This weekend, Universal's Identity Thief blew onto the scene with a surprisingly strong opening, while Steven Soderbergh's supposed last directorial effort debuted mildly in third. Returning films held on reasonably well, especially those of the Oscar variety.
Exploding into first place was Identity Thief, starring Jason Bateman and Melissa McCarthy, with an estimated $36.6M from 3,141 theaters, for a potent per-screen average of $11,650. Despite the controversial review of formerly influential critic Rex Reed, audiences dug the film, which outgunned the opening weekends of Bateman's Horrible Bosses ($28.3M) and McCarthy's Bridesmaids ($26.2), both from the summer of 2011. Instead Identity Thief opened in line with last year's spring hit 21 Jump Street which debuted with $36.3M on its way to $138.7M. If last year was the year of Tatum, could this year be the year of McCarthy, who has The Heat co-starring Sandra Bullock on tap for later this summer.
Second place belonged to the warm and fuzzy zombies of Warm Bodies. Dipping a reasonable 43% from its debut weekend, the Summit release ate up an estimated $11.5M bringing its cume to $35.5M.
Third place belonged to Side Effects directed by Oscar winner Steven Soderbergh, who claims this will be his last film. The thriller, which stars last year's "It Boy" Tatum, couldn't live up to the pair's last collaboration Magic Mike ($39.1M from last summer) and opened mildly with $10M, according to estimates, from 2,605 theaters for a per-screen average of only $3,845. I have a hard time imagining Soderbergh will be happy to go out on a note like this, so I'm betting he'll be back in the next couple of years.
The rest of the top 10 had a familiar look to it as Oscar films continued their push to Super Sunday on the 24th of this month. Leading the pack in its 13th weekend was Silver Linings Playbook, which fell a slim 11% to $6.9M this weekend, according to estimates, bringing its total to $89M. Fifth place belonged to the fairy tale darlings Hansel and Gretel: Witch Hunters which dropped 39% from last weekend to an estimated $5.8M, bringing its cume to $43M.
Sixth place belonged to the horror-thriller Mama which slipped 34% to an estimated $4.3M and a current total of $63.7M, impressive for a horror film.
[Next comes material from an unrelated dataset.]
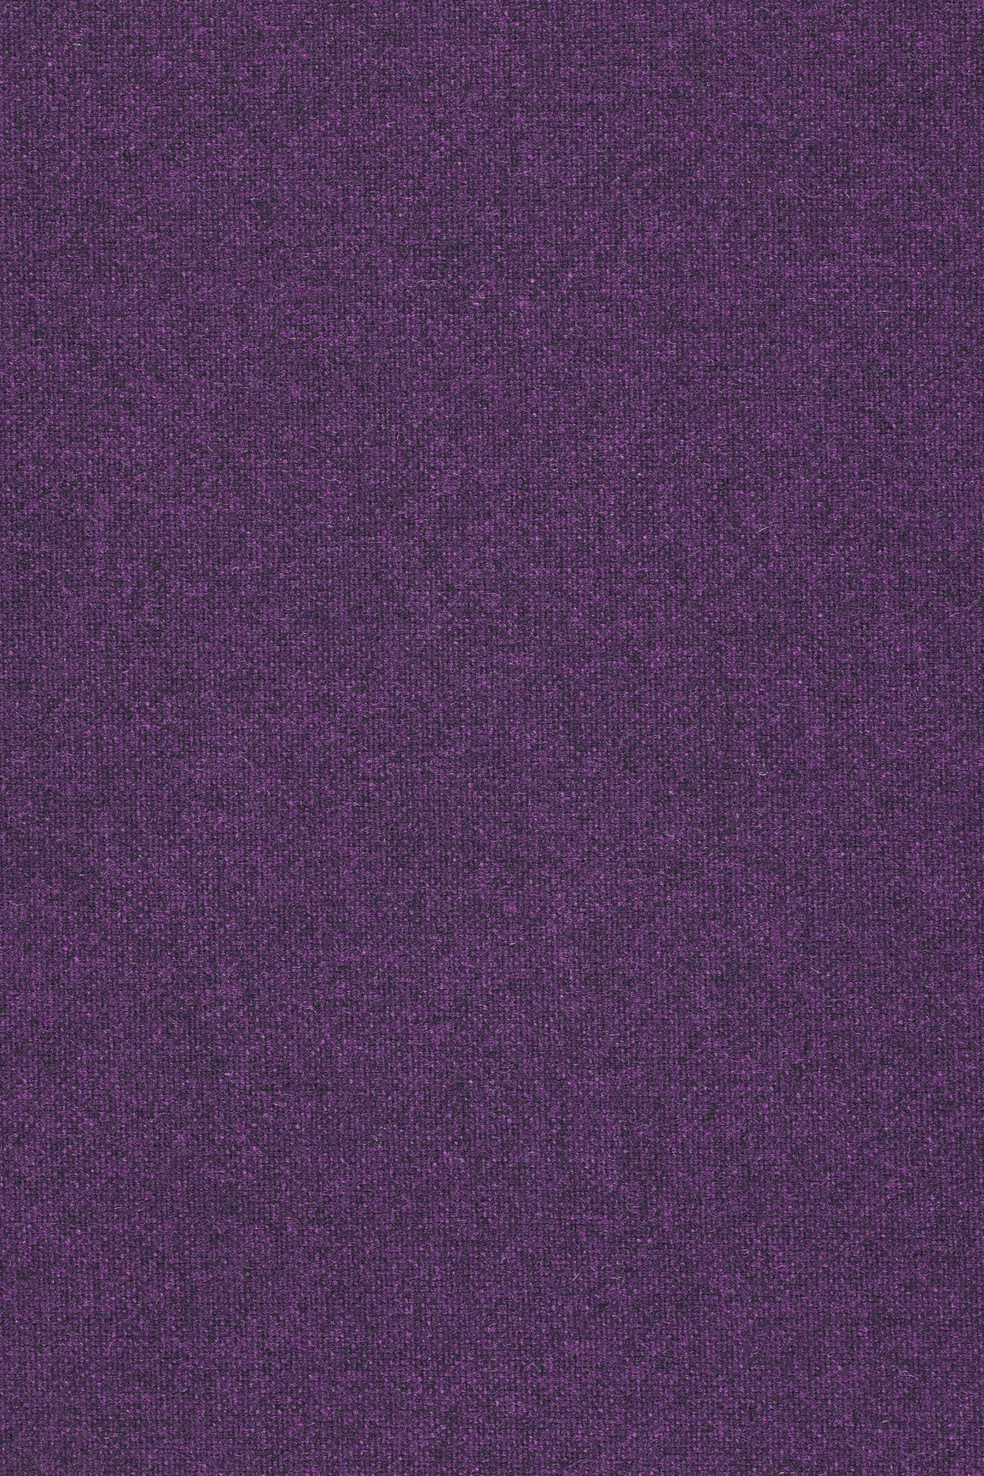 Fabric sample Tonica 2 672 purple

Jennifer Lawrence's biggest rival for the Best Actress Oscar landed in seventh place as Jessica Chastain and Zero Dark Thirty slid 23% from last weekend to $4M, according to estimates, bringing the war thriller to $83M.
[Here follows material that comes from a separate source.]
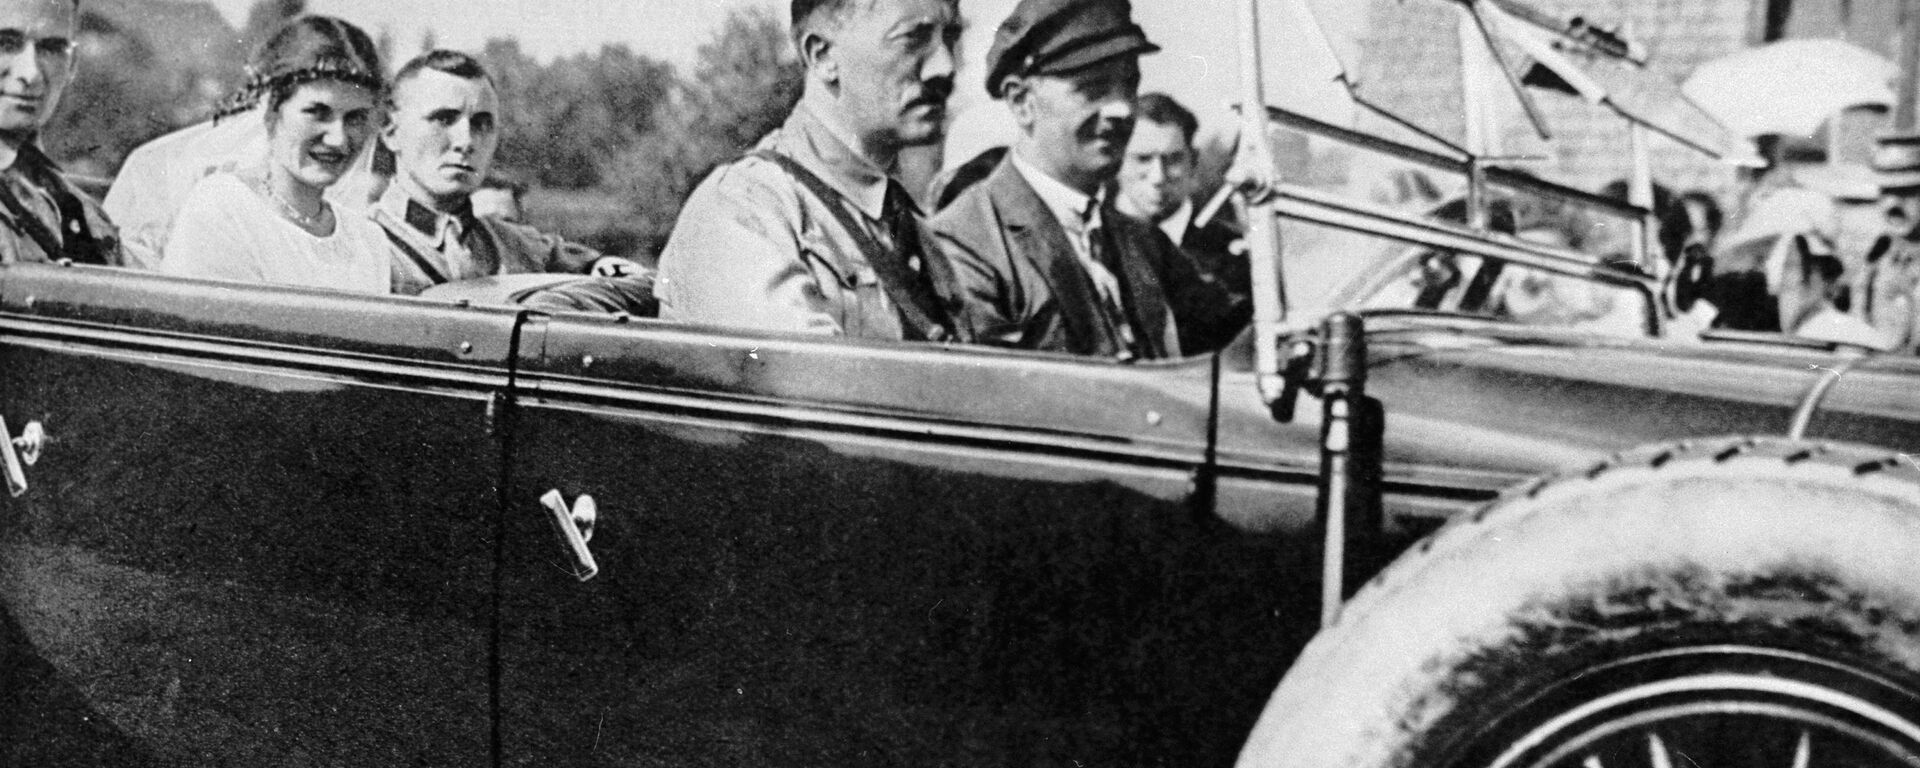 Адолф Хитлер - Sputnik Србија, 1920, 09.05.2018

On an amazing award winning streak, Ben Affleck's Argo added 470 theaters this weekend and jumped back into the top 10 in its 18th weekend, adding an additional $2.5M, according to estimates, bringing its total to $123.2M. Fellow Best Picture nominee Django Unchained took in an estimated $2.3M this weekend, bringing Quentin Tarantino's highest grossing film to $154.2M. And rounding out the top 10 was the Sylvester Stallone flop Bullet to the Head which dropped 56% from its dull opening to an estimated $2M, bringing its miserable total to $7.9M. One other film of note, the 3D IMAX re-release of Tom Cruise's classic Top Gun debuted just outside the top 10 with $1.9M from 300 screens for a per screen average of $6,333, second best in the top 20.
The top ten films grossed $85.8M which was down 49% from last year when The Vow and Safe House both debuted north of $40M; and down 33% from 2011 when the triumvirate of Just Go With It, Justin Bieber: Never Say Never and Gnomeo & Juliet all opened between $25M and $30M.